К осмыслению евхаристического богословия о. Александра Шмемана

Протоиерей
Александр Шмеман

Известное катехизическое представление о Церкви предлагает некоторый набор характеристик, свидетельствующих, что Церковь, будучи хранилищем Священного Предания, является обществом людей, установленным от Бога, объединенных православной верой, законом Божиим (заповедями), священноначалием и таинствами. Митр. Макарий Булгаков в «Православно-догматическом богословии» говорит о церкви как об орудии, через которое Бог совершает освящение[1]. Речь о Церкви идет в контексте темы освящения и при разборе Символа веры.
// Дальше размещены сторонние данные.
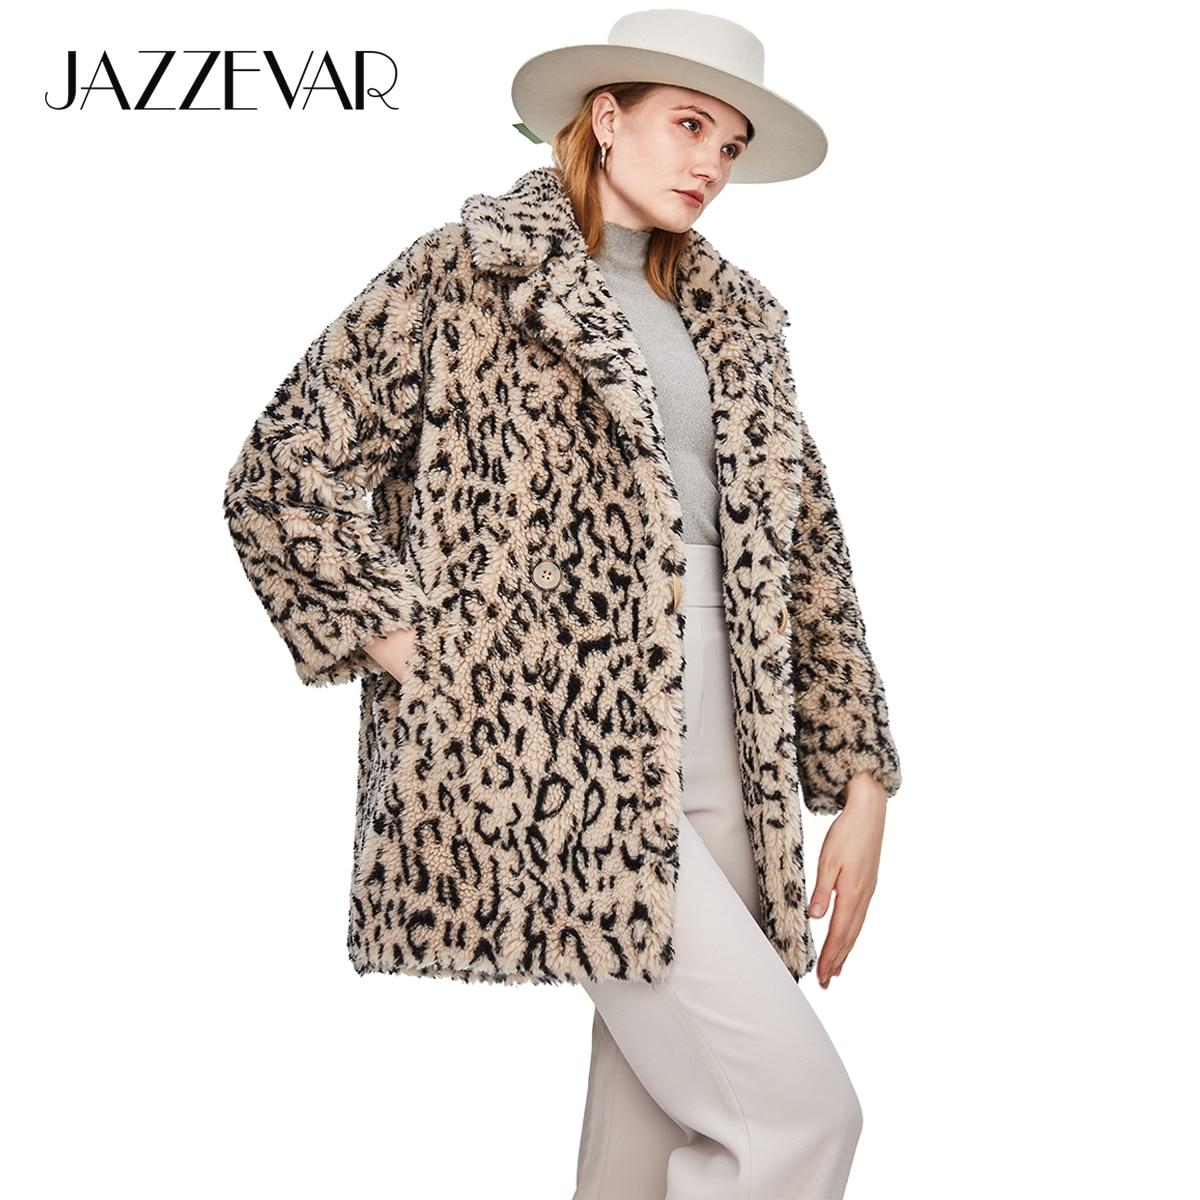 JAZZEVAR 2019 Winter New Fashion Womens Teddy Bear Icon Coat Classic Real Sheep Fur Oversized Jacket Thick Warm Outerwear J8003
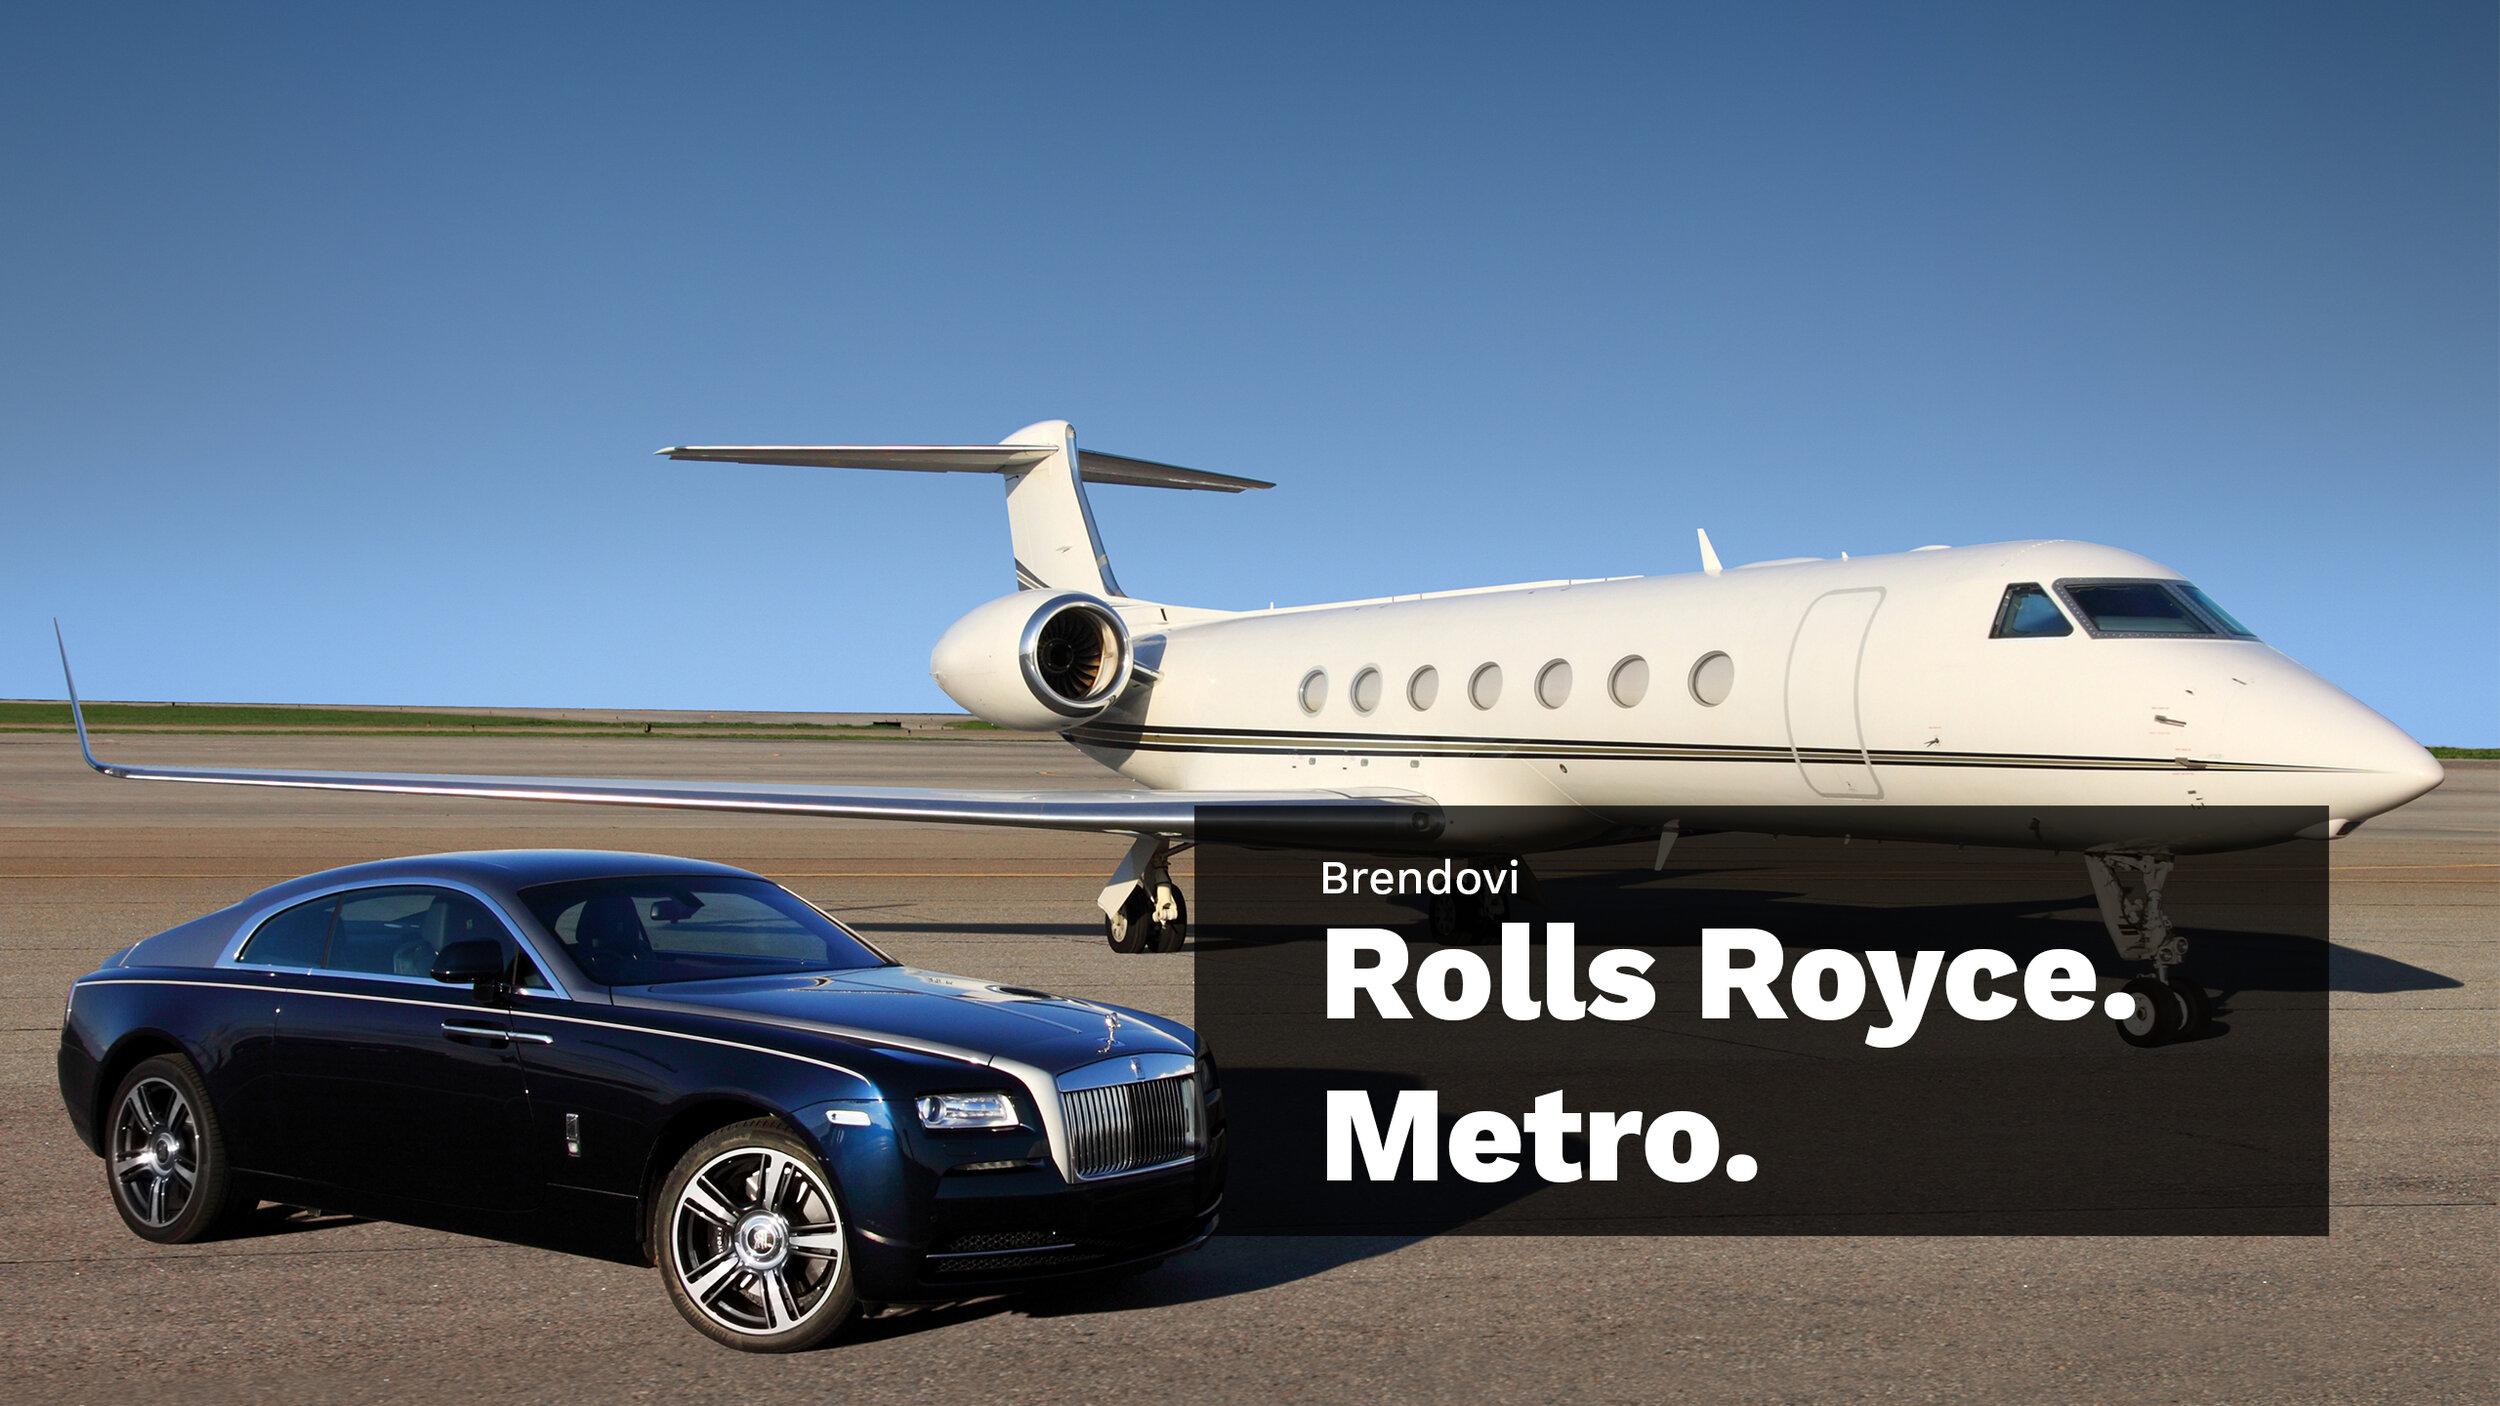 Rolls Royce. Metro

При чтении суждений о Церкви из такого рода «школьного богословия» духовная интуиция верующего сердца подсказывает, что схоластичность формулировок теснит, отодвигает нечто живое и более важное, что не так просто передать словами. Вот и для прот. Александра Шмемана важен живой опыт Церкви в глубокой неразрывной связи с реальностью богослужебной жизни. Он подчеркивает, что «школьное богословие» заимствовало метод и саму новую природу богословия — интеллектуальное систематическое делание. Евхаристия стала рассматриваться как одно из таинств, но не как «Таинство собрания» (определение Псевдо-Дионисия Ареопагита). Екклесиологический смысл Евхаристии в схоластическом богословии игнорируется, вовсе не говорится о связи Собрания, Евхаристии и Церкви[2]. По сути же дела, Евхаристическое литургическое служение есть форма выражения самой Церкви и её живого Предания. Поэтому подлинно православное богословие возможно лишь на почве церковного опыта в контексте богослужебной жизни Церкви как выражения самой Церкви.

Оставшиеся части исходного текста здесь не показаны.